Glan-Münchweiler
Geldautomat gesprengt: Flucht im Kombi über die Autobahn
Laut Polizei wurde der Alarm um 3 Uhr ausgelöst. Die Täter seien in einem dunklen Kombi, möglicherweise einem Audi A 6, in Richtung Autobahn 62 geflüchtet. „Die Kennzeichen des Fluchtfahrzeugs sind nicht bekannt. Eine sofort eingeleitete Fahndung verlief ergebnislos. Die Diebe konnten unerkannt entkommen“, heißt es im Polizeibericht.
Die Kriminalpolizei in Kaiserslautern ermittelt. Beim Landeskriminalamt in Mainz gibt es zudem eine Sondereinheit, die sich um gesprengte Geldautomaten kümmert.

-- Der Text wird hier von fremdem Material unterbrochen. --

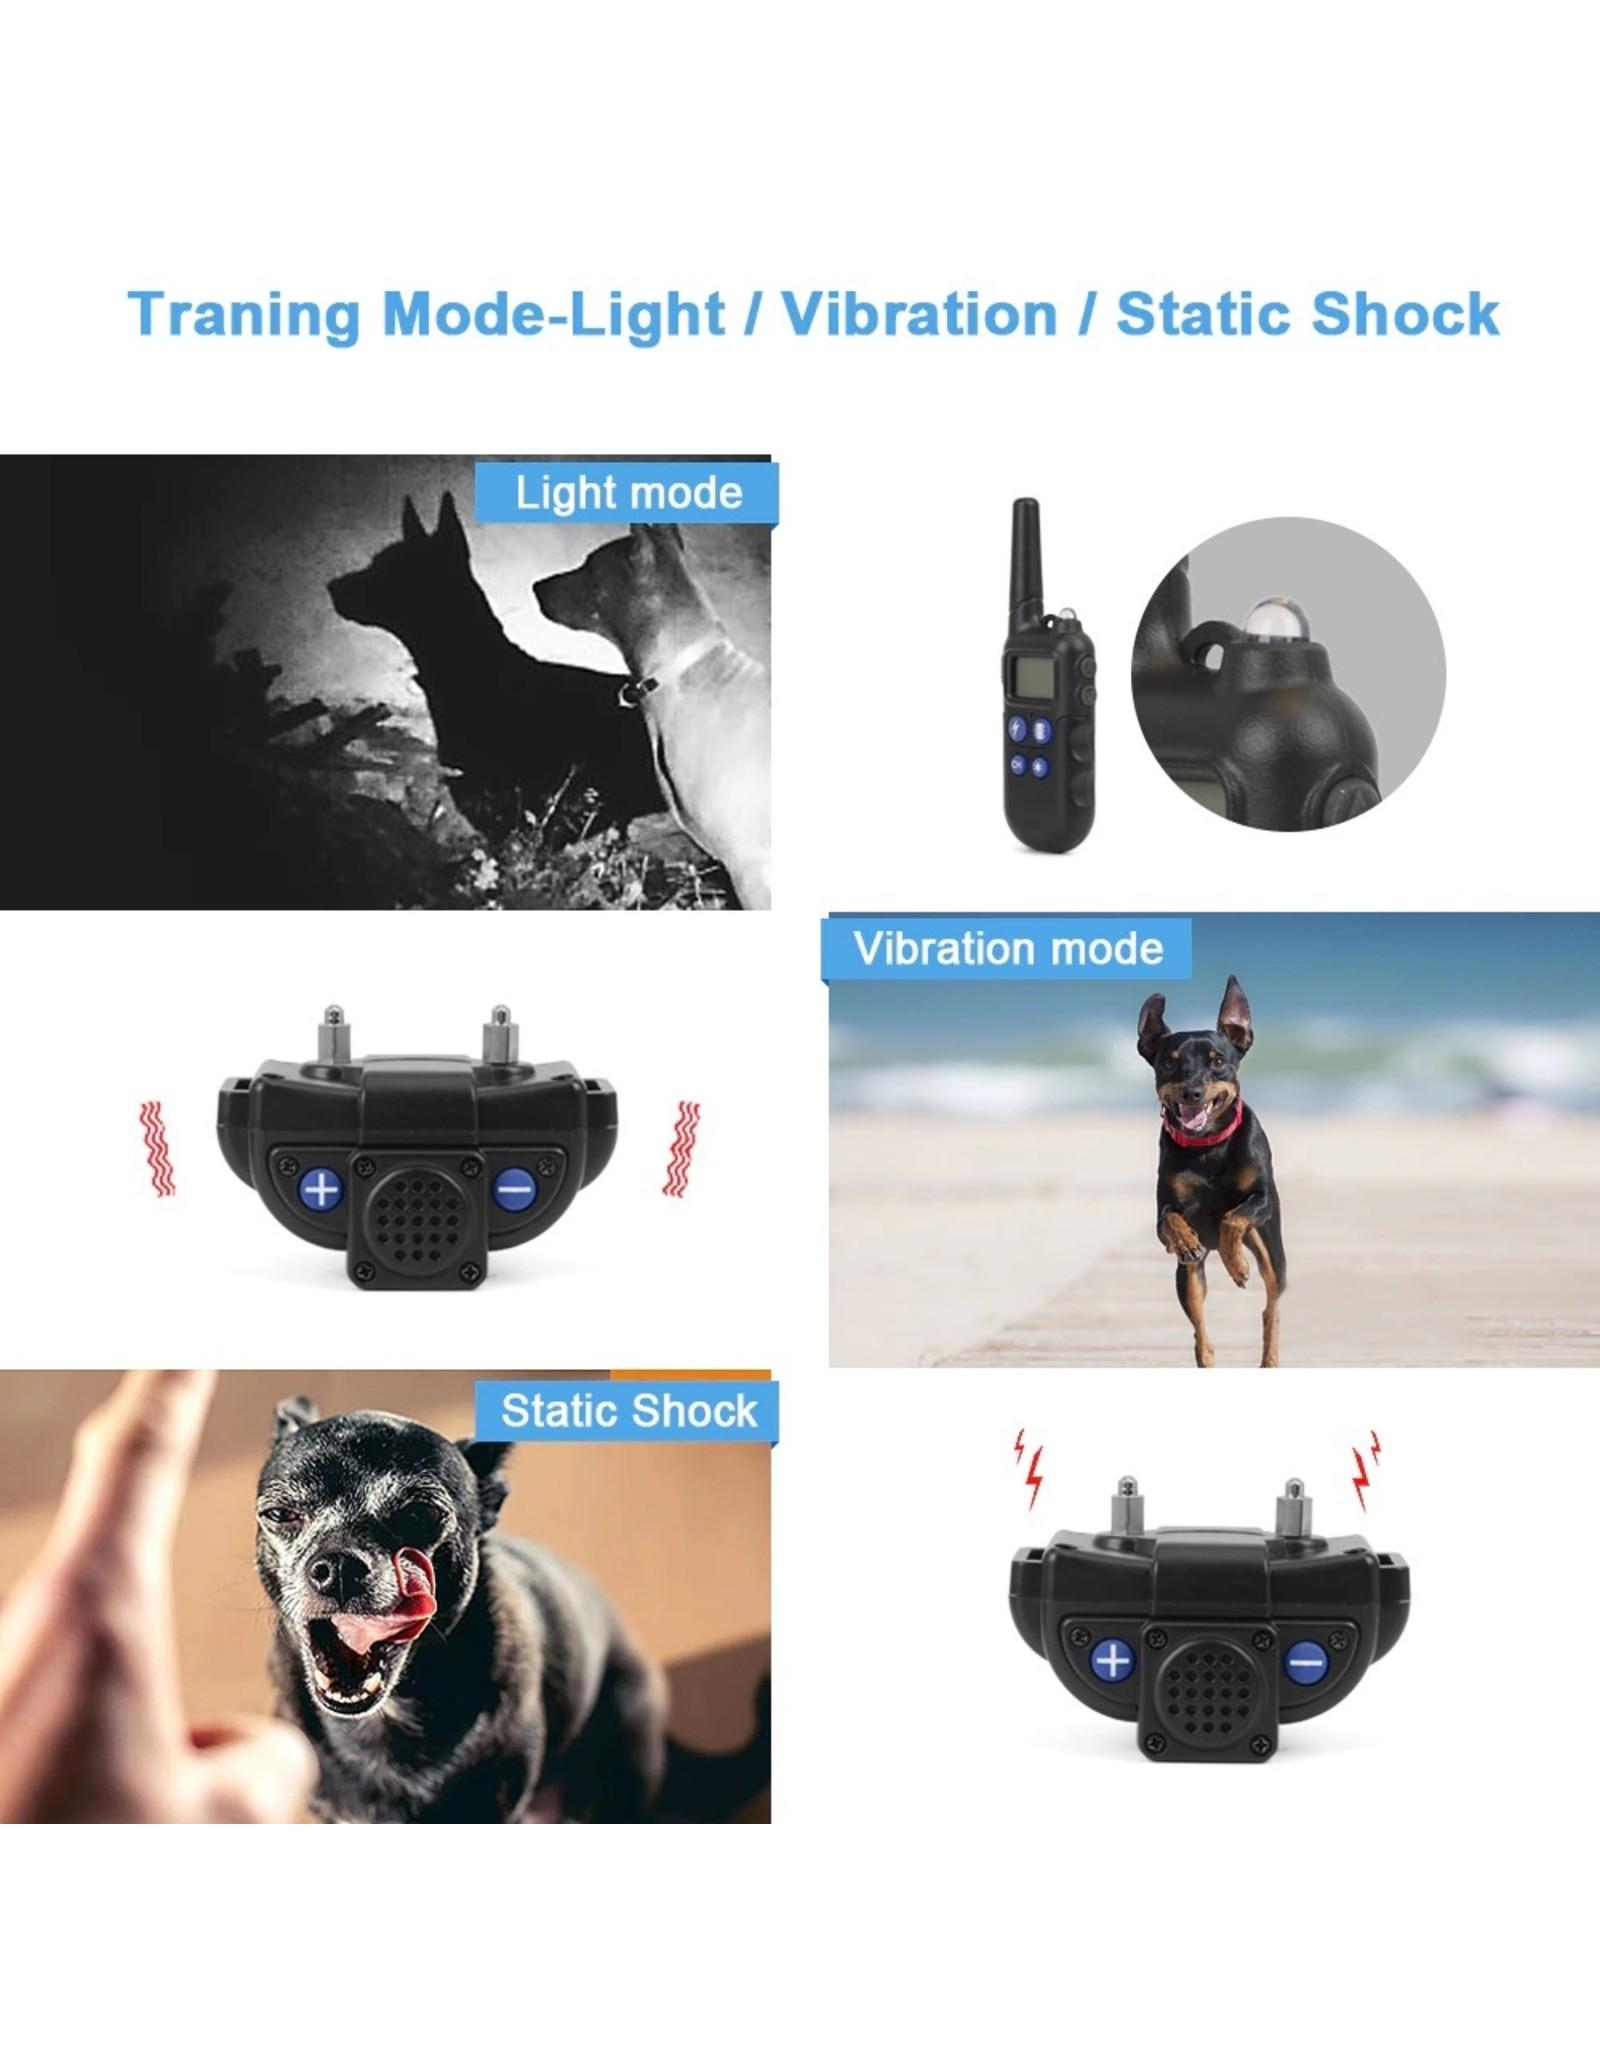 2000M hondentrainingshalsband met walkietalkie - Oplaadbare halsband voor honden - Halsband Modi Pieptoon Trillingen Schok - waterdichte trainingshalsband

Keine großen Schäden am Gebäude
Zuletzt war in der Region im April in Homburg ein Automat ausgeraubt worden. Im Vorjahr gab es zwei Anschläge in Kaiserslautern, die einen hohen Sachschaden anrichteten. Im Ortsteil Mölschbach war nach der Detonation sogar das Gebäude einsturzgefährdet.
„Wir haben kaum Schäden am Gebäude, die wussten genau, wie sie an die Geldfächer kommen“, berichtet Käfer. So gesehen habe die Kreissparkasse, die zum ersten Mal Opfer einer solchen Straftat wurde, noch Glück gehabt. Die Geschäftsstelle sei am Mittwoch geöffnet gewesen, der zweite Geldautomat voll funktionsfähig. Käfer geht davon aus, dass die Versicherung den Schaden begleicht.
Bundesweit über 17 Millionen Euro erbeutet
Die Zahl der Geldautomatensprengungen steigt in Deutschland deutlich. 2020 hat es 414 entsprechende Attacken gegeben und damit 18,6 Prozent mehr als im Jahr 2019, wie aus dem vom Bundeskriminalamt in Wiesbaden herausgegebenen Lagebericht hervorgeht. Dies ist der höchste Wert seit Beginn der statistischen Erfassung im Jahr 2005. Allerdings blieb es in den meisten Fällen (256) beim Versuch des Gelddiebstahls.
Insgesamt erbeuteten die Täter den Angaben nach 17,1 Millionen Euro. Der von ihnen angerichtete Sachschaden liegt laut Polizei deutlich höher, und zwar in einem „mittleren zweistelligen Millionenbereich“. Für die Sprengungen würden vor allem Gasgemische verwendet, von den Tätern in die Geldautomaten an genau den richtigen Stellen eingeleitet und gezündet. Hohe Gebäudeschäden verursachten oft Täter, die weniger professionell vorgingen und die Sprengkraft falsch einschätzten.
Verdrängungseffekt aus den Niederlanden
In Rheinland-Pfalz gab es im Vorjahr 35 Geldautomatensprengungen. 2019 standen 22 solcher Taten in der Statistik. „Ein Verdrängungseffekt aus den Niederlanden ist seit Jahren erkennbar“, stellt das Landeskriminalamt fest. Dies sei das Ergebnis präventiver Anstrengungen niederländischer Banken. Sie setzten neue Sicherungstechnik ein und bauten viele Geldautomaten ganz ab.
Die Polizei macht aus ermittlungstaktischen Gründen keine Angaben zur Schadenshöhe in Glan-Münchweiler. Sie bittet Zeugen, die in der Nacht zum Mittwoch etwas Verdächtiges beobachtet haben oder Hinweise zu den Tätern oder dem benutzten Fluchtwagen geben können, sich unter der Telefonnummer 0631 3692620 bei der Kriminalpolizei Kaiserslautern zu melden.